──────── The data

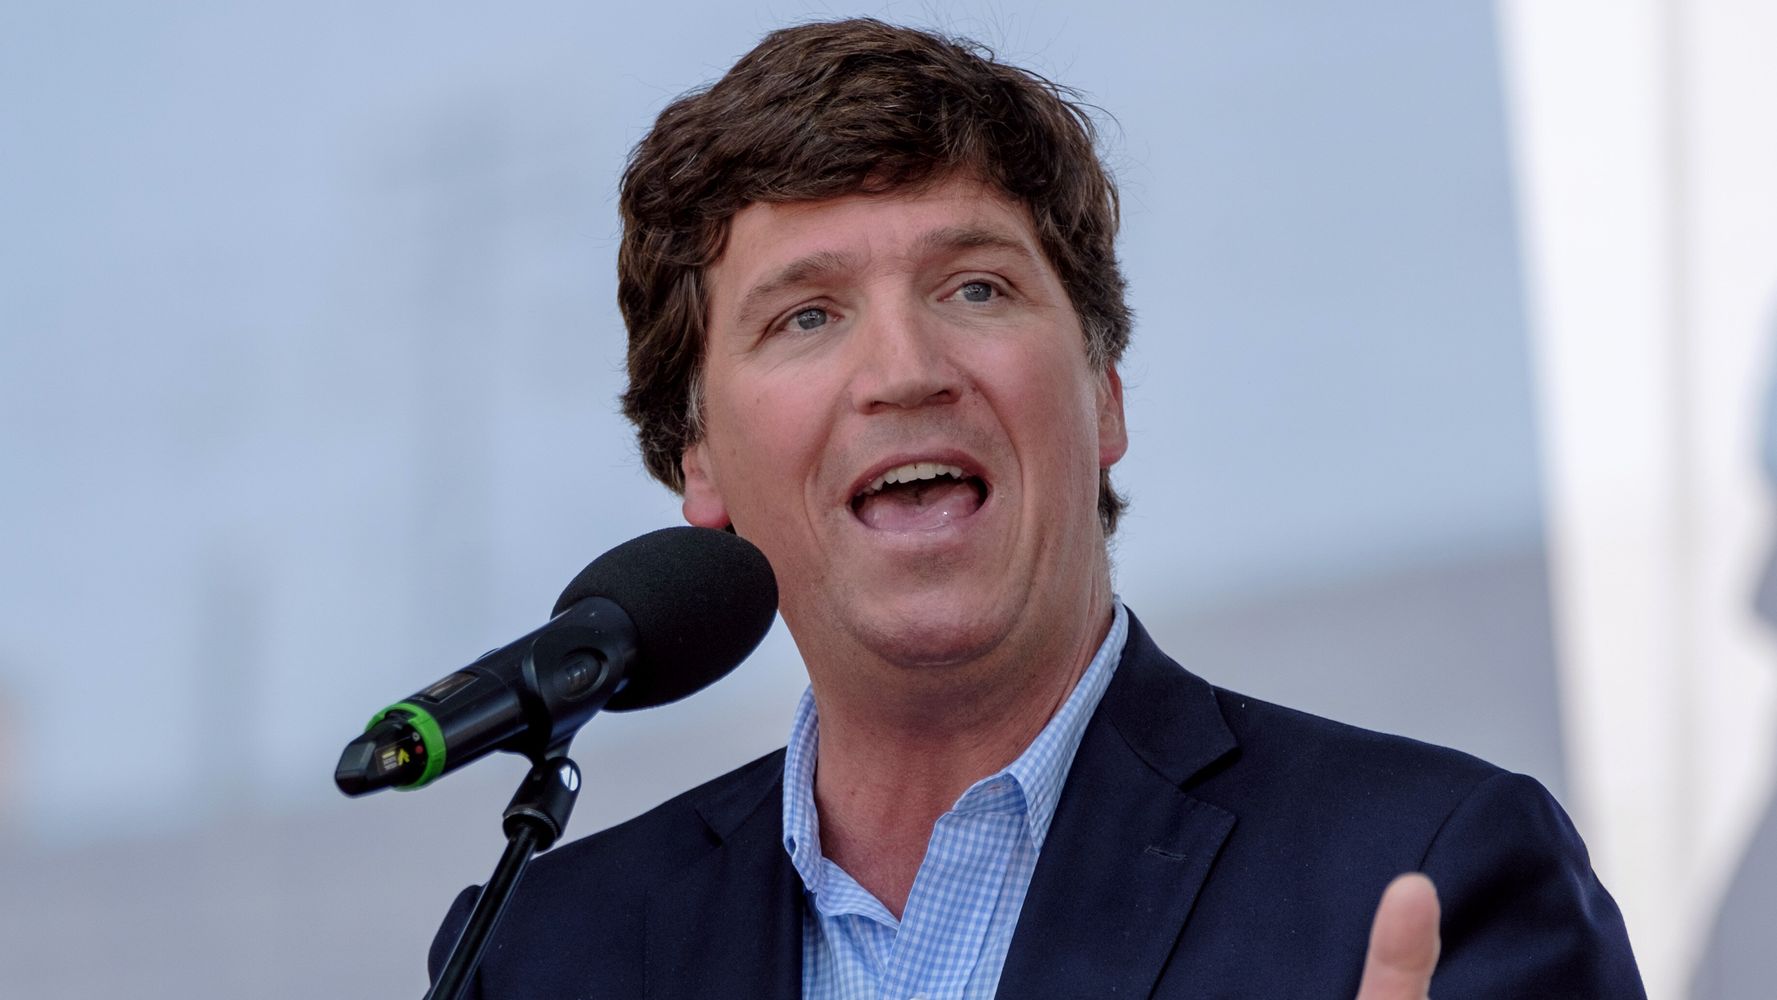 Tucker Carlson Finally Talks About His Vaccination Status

────────────────
──────── The data

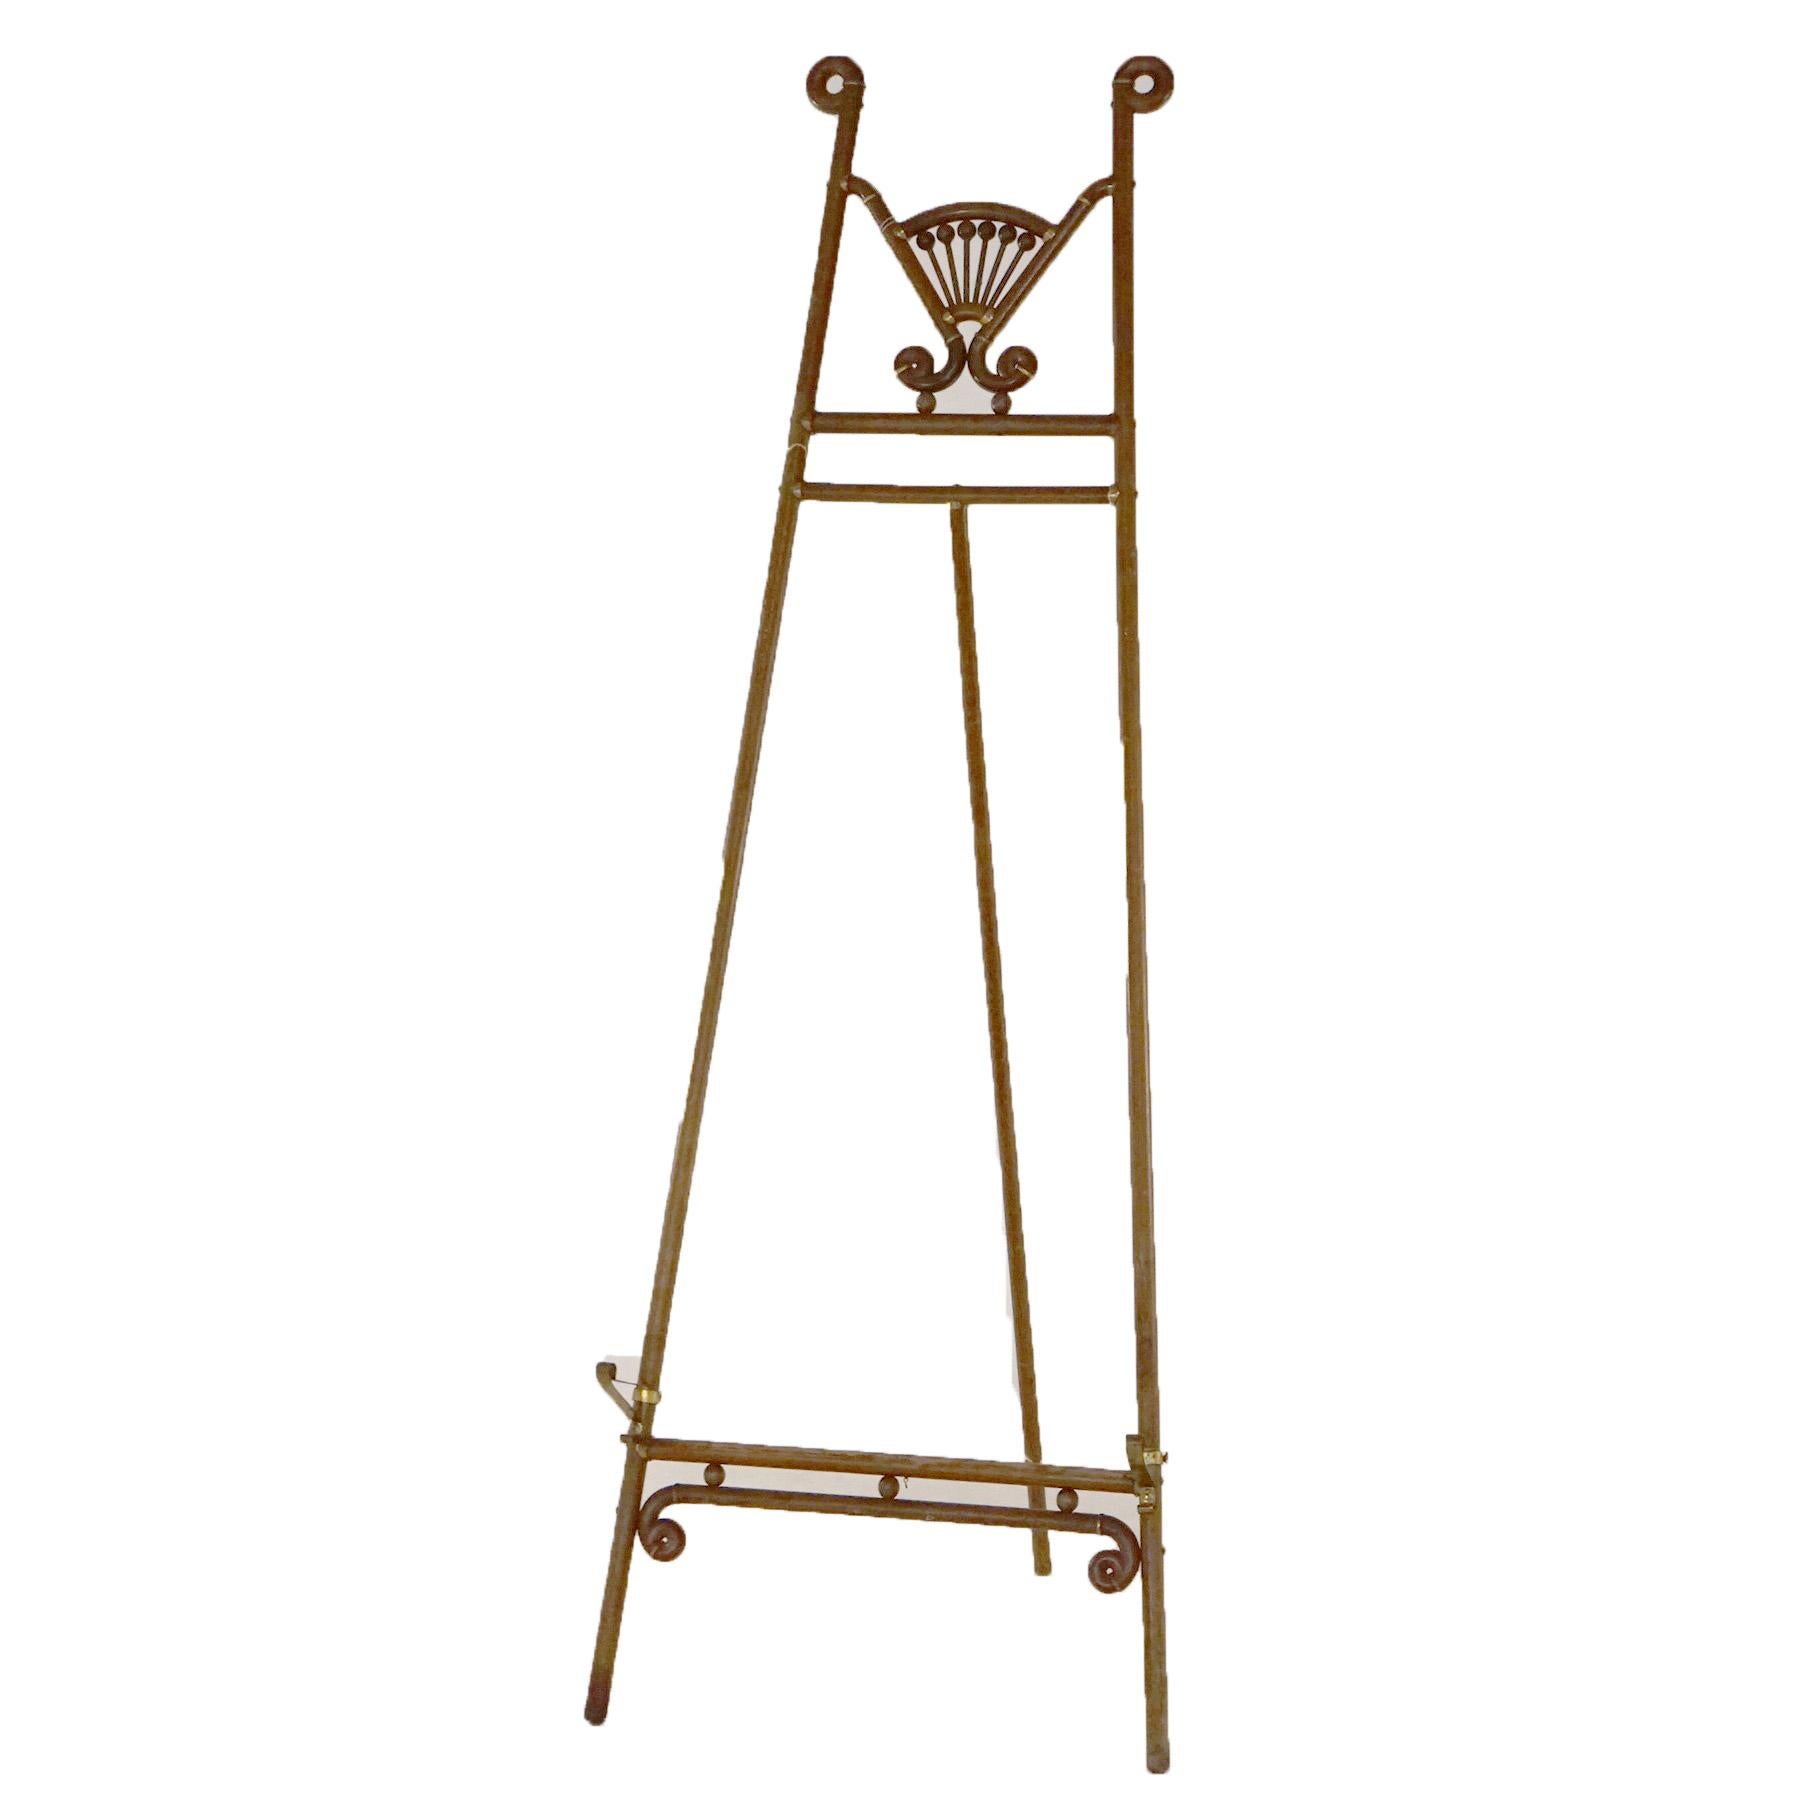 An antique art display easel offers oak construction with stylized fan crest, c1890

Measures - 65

────────────────
──────── The data

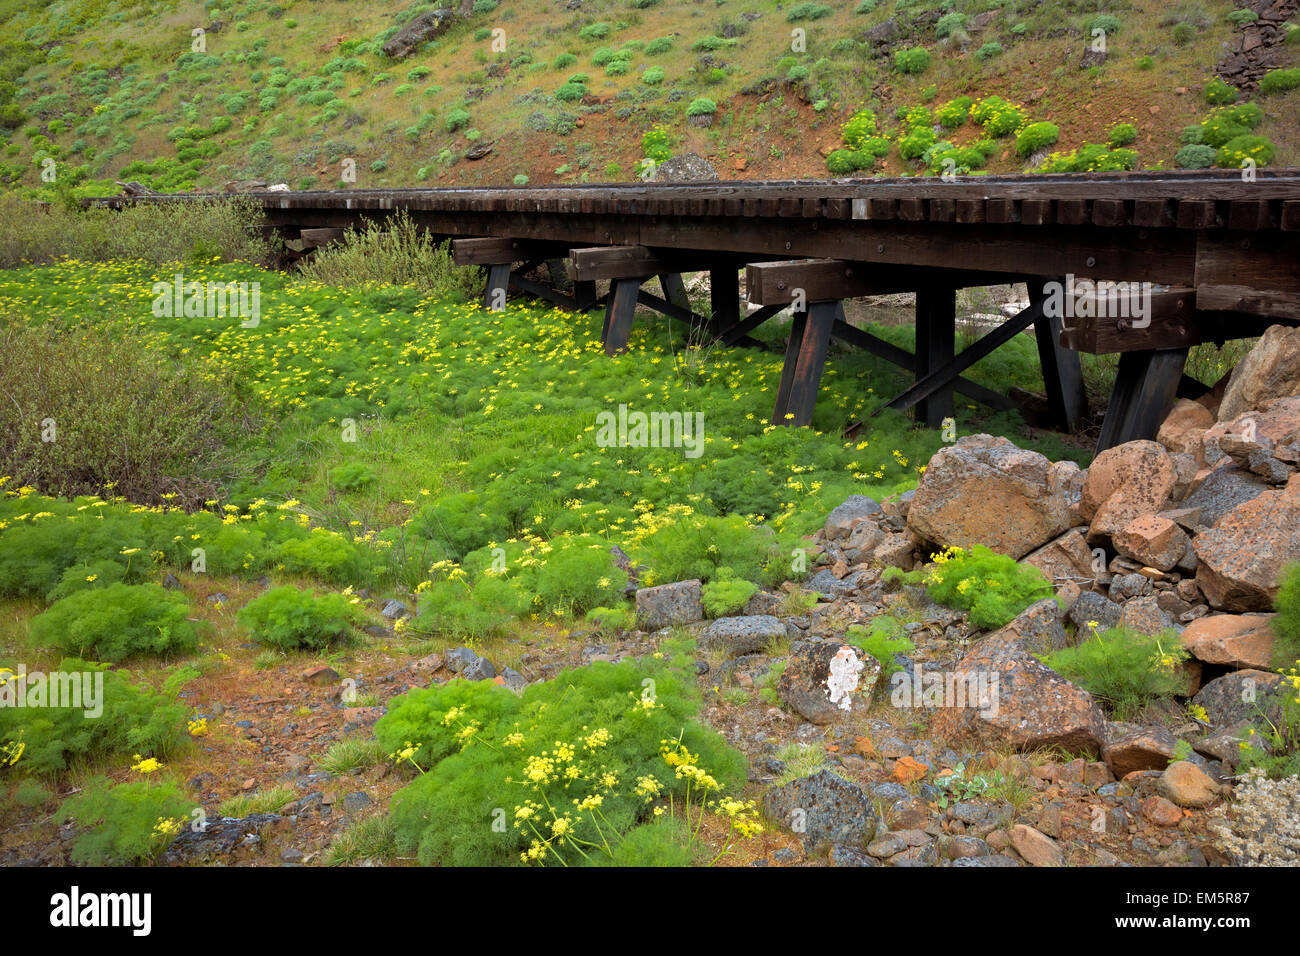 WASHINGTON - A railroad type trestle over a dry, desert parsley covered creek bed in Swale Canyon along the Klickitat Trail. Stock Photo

────────────────

= Work to be completed =
All that should be printed is the run of lines above from the one with "An antique art" through the one with "Measures - 65", both included, exactly as given, with pictures left out.

= Written solution =
 An antique art display easel offers oak construction with stylized fan crest, c1890

Measures - 65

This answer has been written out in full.